Il faut dire que l'exécutif a subi de plein fouet la fronde des gilets jaunes, ce qui l'a conduit a retiré certaines dispositions. Tel est le cas de l'article qui mettait fin à la niche fiscale sur le gazole non routier qui devait rapporter 1 milliard d'euros (Md€) à l'Etat dès 2019. Plus emblématique encore, la crise a conduit le gouvernement à geler la fiscalité carbone à son niveau actuel. Des réformes comme celle de la fiscalité sur les déchets ou de la redevance pour pollutions diffuses ont en revanche pu aboutir.

Aides au covoiturage et au paiement du carburant (art. 3)

Cet article, qui traduit certaines annonces faites par le Premier ministre le 14 novembre, instaure des aides au covoiturage et au paiement des frais de carburants. En premier lieu, il donne la possibilité aux employeurs de rembourser une partie des frais engagés par leurs salariés qui se déplacent en covoiturage en tant que passagers, sous la forme d'une "indemnité forfaitaire covoiturage" dont les modalités seront précisées par décret. Ce soutien se fera en franchise de charges sociales et d'impôt sur le revenu dans la limite de 200 euros par an, a précisé le gouvernement.

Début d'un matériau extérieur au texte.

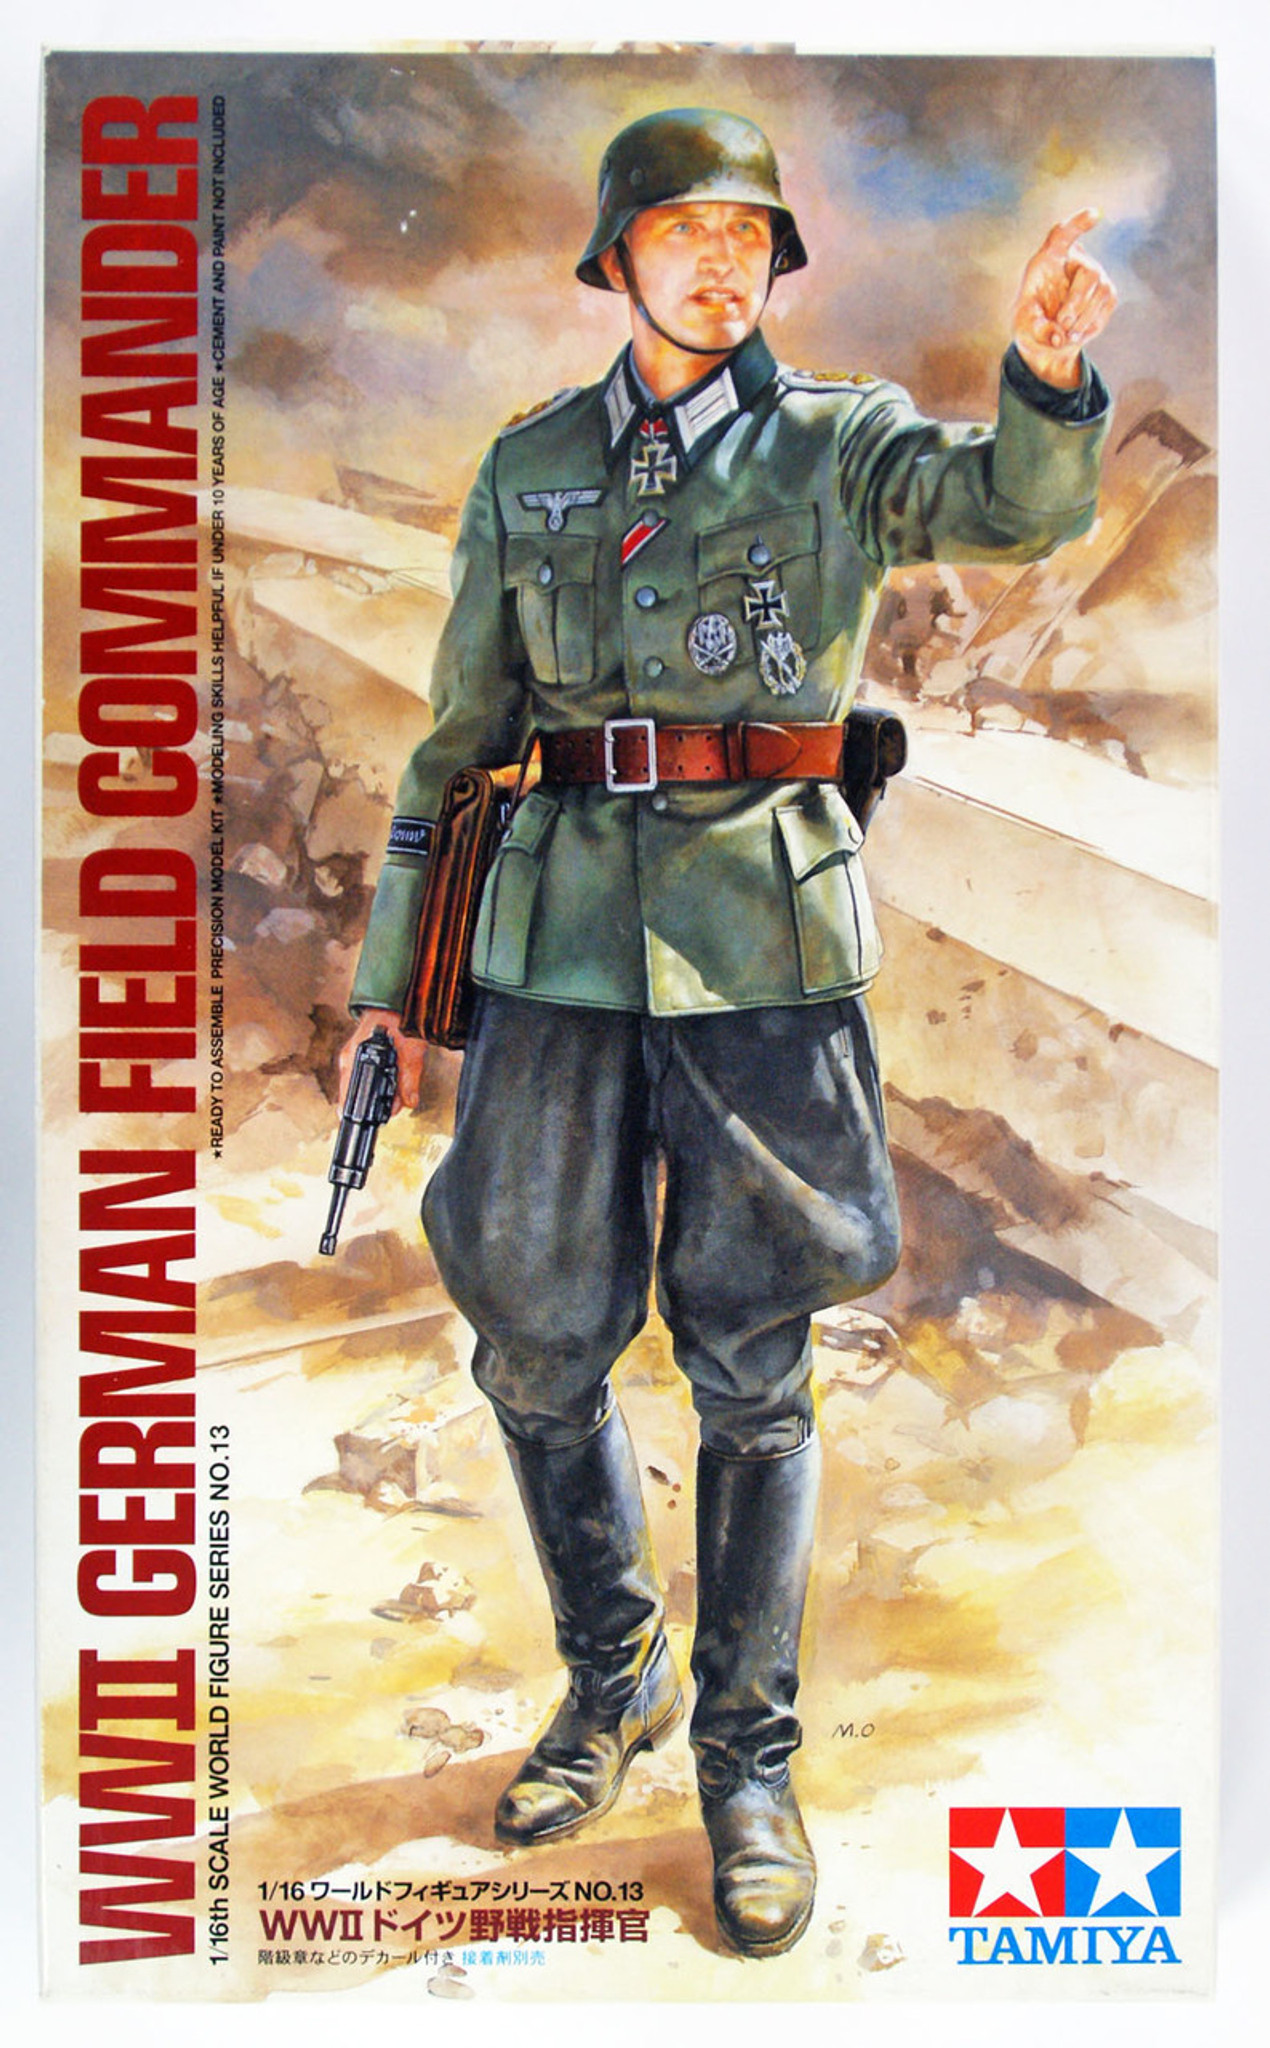 Tamiya Military Model 1//16 German Feldmarschall ROMMEL Figure Scale Hobby 36305

En second lieu, l'amendement défiscalise les aides versées par les collectivités territoriales ou par Pôle emploi pour couvrir les frais engagés par les salariés en tant que conducteurs en covoiturage ou pour régler leur carburant ou l'alimentation de leur véhicule électrique pour leur déplacement domicile-travail. Dans ce dernier cas, le trajet doit être supérieur à 30 km. La disposition votée prévoit d'exonérer d'impôt sur le revenu et de cotisations sociales, dans la limite de 240 euros par an, les aides versées en l'absence de prise en charge par l'employeur des titres d'abonnements de transports publics. Ces dispositions s'appliqueront finalement au 1er janvier 2019 et non au 1er janvier 2020 comme l'exécutif l'avait envisagé dans un premier temps.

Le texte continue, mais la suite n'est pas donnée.